Why the carbon with two OH groups in organic compounds is unstable? For example, acetal hydrate is unstable due to two OH groups on one carbon and tends to lose water immediately.
I don't know what level of answer you want. The shortest, is "quantum chemistry of carbon-oxygen bonds." Slightly more useful is "it's unstable because there is a “nearby” lower energy alternative (carbonyl)." It is unstable, because the double bond in C=O is strong, which is part of the reason that burning hydrocarbons releases so much energy. But it's such a basic fact of nature that this is so, for it to be otherwise we would have to do chemistry in a different universe with different basic physical laws. http://www2.chemistry.msu.edu/faculty/reusch/virttxtjml/aldket1.htm See also: http://en.wikipedia.org/wiki/Geminal_diol For a 5% solution of formaldehyde in water, about 80% of it is in the the hydrated state. Other exceptions are: http://en.wikipedia.org/wiki/Hexafluoroacetone where the 6 fluorine substitutions makes the π-bond unstable. And http://en.wikipedia.org/wiki/Decahydroxycyclopentane and http://en.wikipedia.org/wiki/Dodecahydroxycyclohexane where the carbon rings just make it weird
Chloral hydrate below is an example of a stable situation of a carbon with two hydroxyl groups. This is used as a sedative. In this case, the three chlorine atoms are electron withdrawing, making it harder for one of the -OH groups to take elections and leave. Please Register or Log in to view the hidden image!
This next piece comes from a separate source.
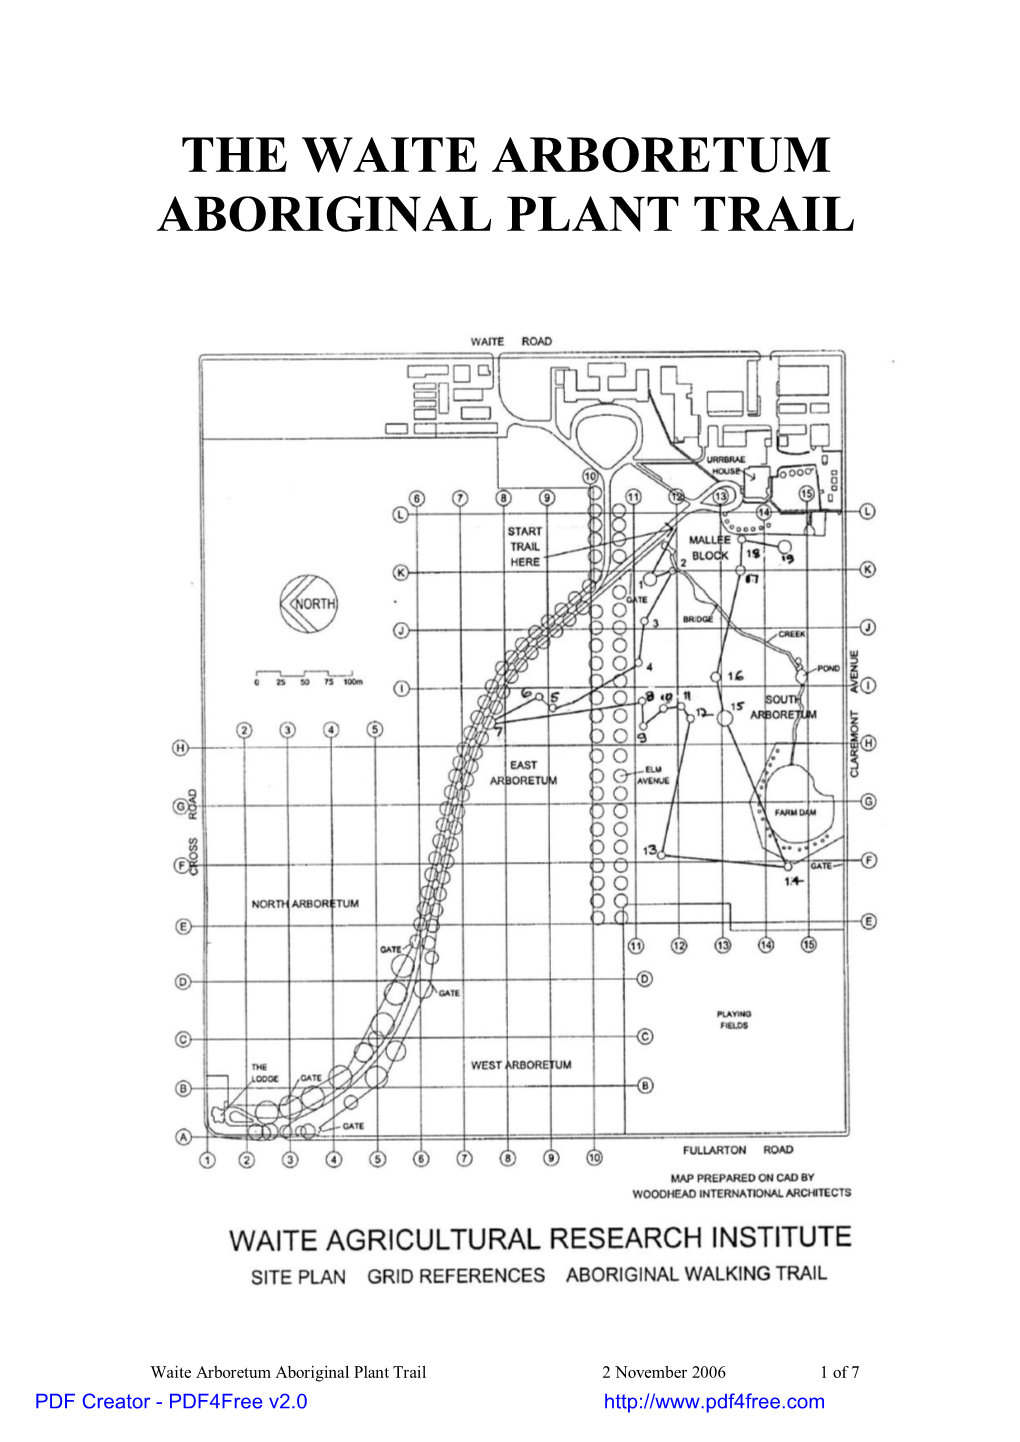 The Waite Arboretum Aboriginal Plant Trail

And another exception, with the same mechanism as Chloral or Hexafluoroacetone is Indane-1,2,3-trione where it's the other carboxyl groups that destabilize the central carboxyl group, allowing formation of Ninhydrin. http://en.wikipedia.org/wiki/Ninhydrin http://chemwiki.ucdavis.edu/?title=...ddition_of_Water_to_form_Hydrates_(Gem-Diols)